Szefowa Komisji Europejskiej mówiła o przyszłości Europy na uniwersytecie w Princeton w stanie New Jersey. Odniosła się m.in. do kwestii związanych z „praworządnością”. Obecna na spotkaniu polska filozof Katarzyna de Lazari-Radek zapytała ją o polski Krajowy Plan Odbudowy.

- „Jestem bardzo wdzięczna za to, że Unia Europejska nie dała nam pieniędzy ponieważ mam nadzieję, że pomoże to w przyszłorocznych wyborach. (…) Czy jest jakaś możliwość, aby instytucje wspomogły ludzi i spróbowały i pomogły usunąć niedemokratycznych polityków?”

- zwróciła się Polka do Ursuli von der Leyen.

- „Jesteśmy strażnikami traktatów, więc mamy legalne narzędzia, aby bronić traktatów. Problem jaki mamy z polskim rządem jest taki, że jesteśmy głęboko przekonani, że niezależność wymiaru sprawiedliwości nie jest już gwarantowana.

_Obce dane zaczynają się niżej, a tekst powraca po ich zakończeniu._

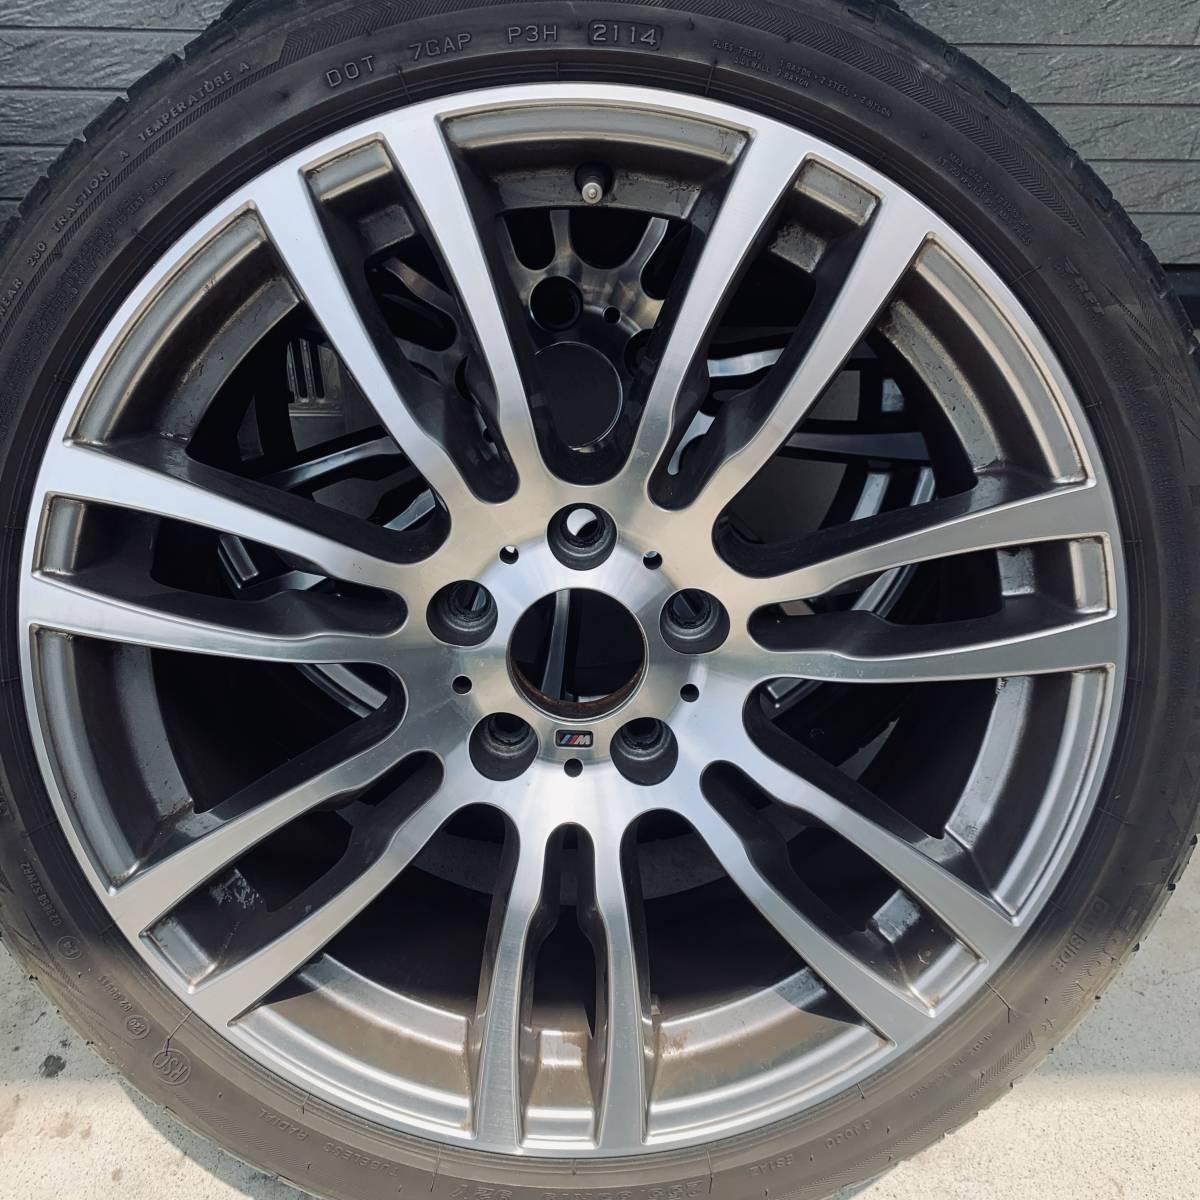 BMW 純正 オプション 19インチ スタースポーク スタイリング403M Mスポーツ PCD:120 F: 8.0J +36 R: 8.5J +47 F30 F31 3シリーズ_画像6

To jest trudne i dlatego używamy legalnych narzędzi ponieważ na samym końcu będziemy wspierać rządy prawa również instytucje europejskie muszą przestrzegać praworządności”

- przekonywała szefowa KE.

Dodała, że „polski rząd nie chce zmienić prawa w sposób, jaki zapisaliśmy w naszej umowie w kwestii przywrócenia niezależności sądownictwa”.

- „I dlatego nie możemy i nie wypłacimy żadnych pieniędzy”

- oświadczyła.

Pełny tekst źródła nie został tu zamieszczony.